Abstract
Background: Banana peel (Musa Sp.) is more nutritional and rich in phytochemical
compounds than its pulp. All parts of the banana plant have medicinal applications. Damage from
free radicals at the cellular level causes cell inflammation, increasing the risk of damage from sunlight,
radiation, and related development of skin cancer.
Objective: The purpose of this study was to assess the physicochemical properties, antioxidant, and
antimicrobial activities of unripe green and yellow ripened banana fruit peels and pulp oil extracts.
Methods: The oil extraction was done in Soxhelt apparatus using petroleum ether as a solvent.
Then, the oil extracts were assessed based on the determination of oil yield, acid value, percent free
fatty acid, peroxide value, and free radical scavenging activity using 2, 2-diphenyl-1-picrylhydrazyl
(DPPH) and hydrogen peroxide, and ascorbic acid. The antioxidant and antimicrobial activities
were determined based on ascorbic acid content, DPPH and hydrogen peroxide scavenging activities.

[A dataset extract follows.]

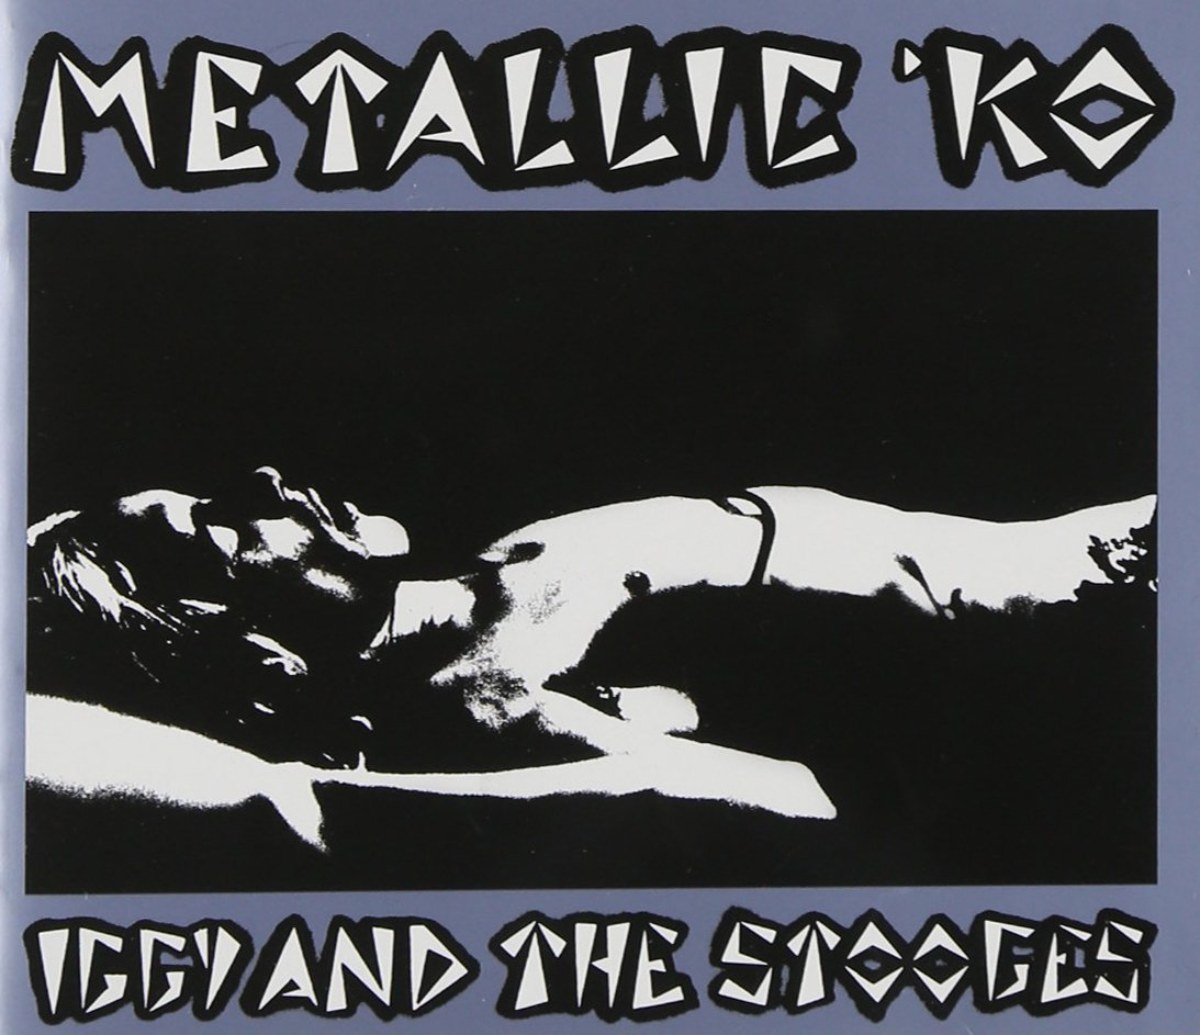 The Stooges - Metallic K.O. (1976)

The antimicrobial experiment was arranged in completely randomized factorial design with
three replications.
Results: The result indicated that significantly the highest oil yield (2.60±0.21%), acid value
(2.66±0.20%), and free fatty acids (1.34±0.10%) were recorded for green peel oil extract. Significantly,
the highest DPPH radical scavenging activity was recorded for green peel (5.85%) followed by
green pulp (4.80) and the least for yellow peel (4.50). Ascorbic acid and hydrogen peroxide scavenging
activity were significantly higher for yellow peel and green pulp oil extract extracts than for green
peel oil extract. The strongest antibacterial activity with the maximum zone of inhibition (15.5mm),
minimum inhibitory concentration (0.125μg/ml), and corresponding minimum bactericidal concentration
(0.25 μg/ml) was recorded for ripened peel oil extract against Staphylococcus aureus. The antifungal
activity of the oil extract presented the highest zone of inhibition (15.67mm), minimum inhibitory
concentration (0.125 μg/ml) and corresponding minimum fungicidal concentration (0.25 μg/ml)
were recorded for unripe green banana fruit pulp oil extract against Aspergillus versicolor.

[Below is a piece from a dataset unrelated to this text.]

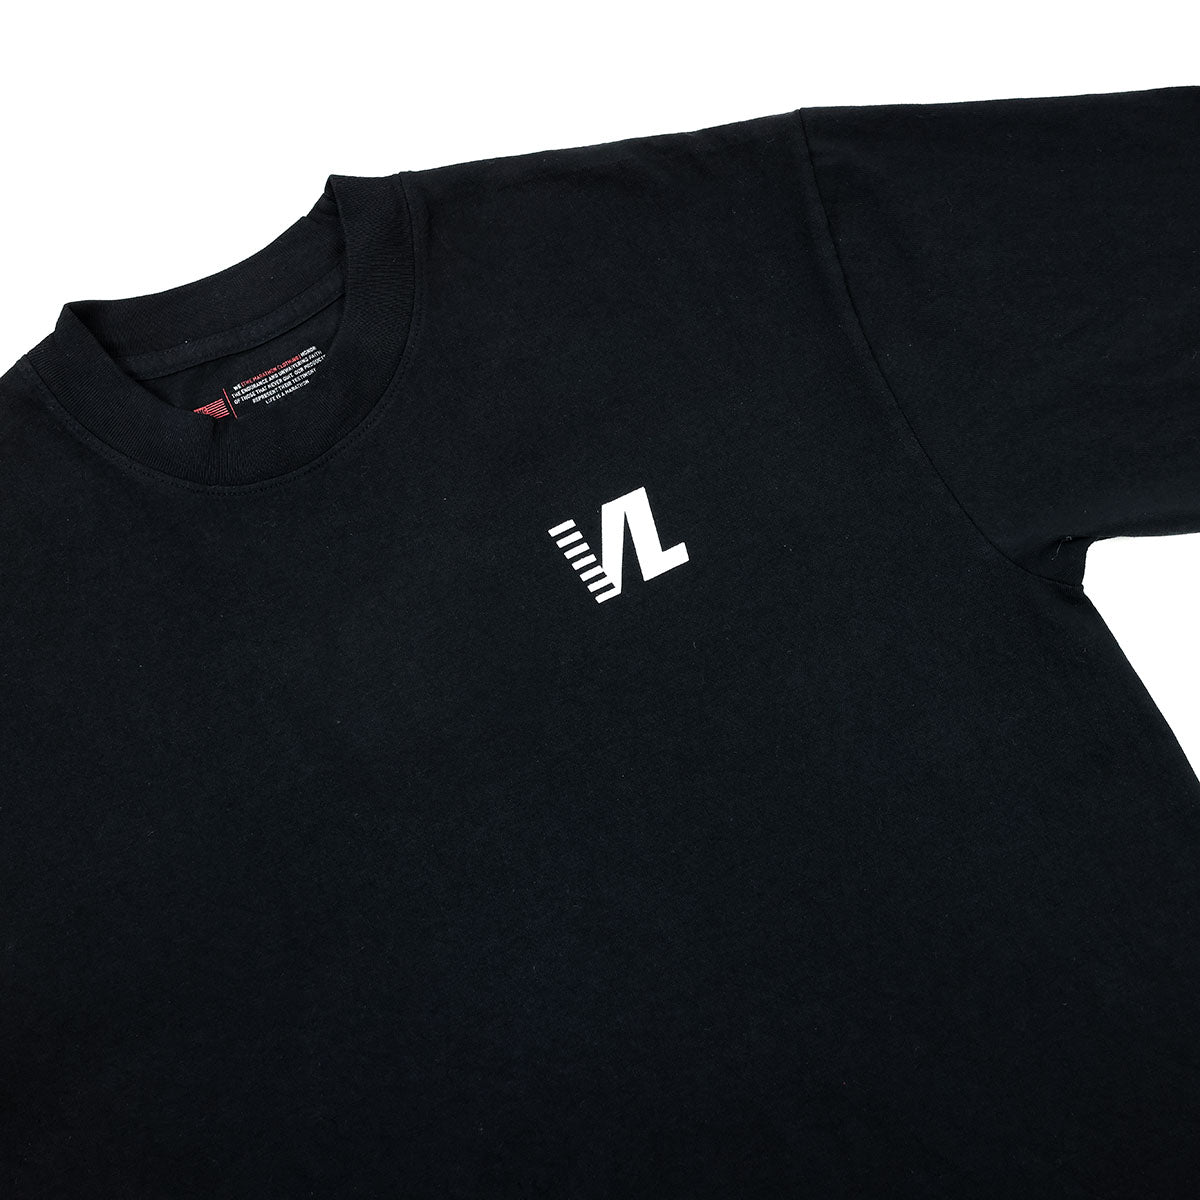 Vl For Victory Lap Shirt - TeeUni

Conclusion: The result indicated that the banana fruit peel oil extracts demonstrated differential antioxidant
and antimicrobial potentials. Thus, the banana peel waste oil extracts proved to have potential
sustainable applications in nutritional and drug development technologies.
Keywords:
Bactericidal, fungicidal, inhibitory concentrations, oil extracts, solvent, zone of inhibition.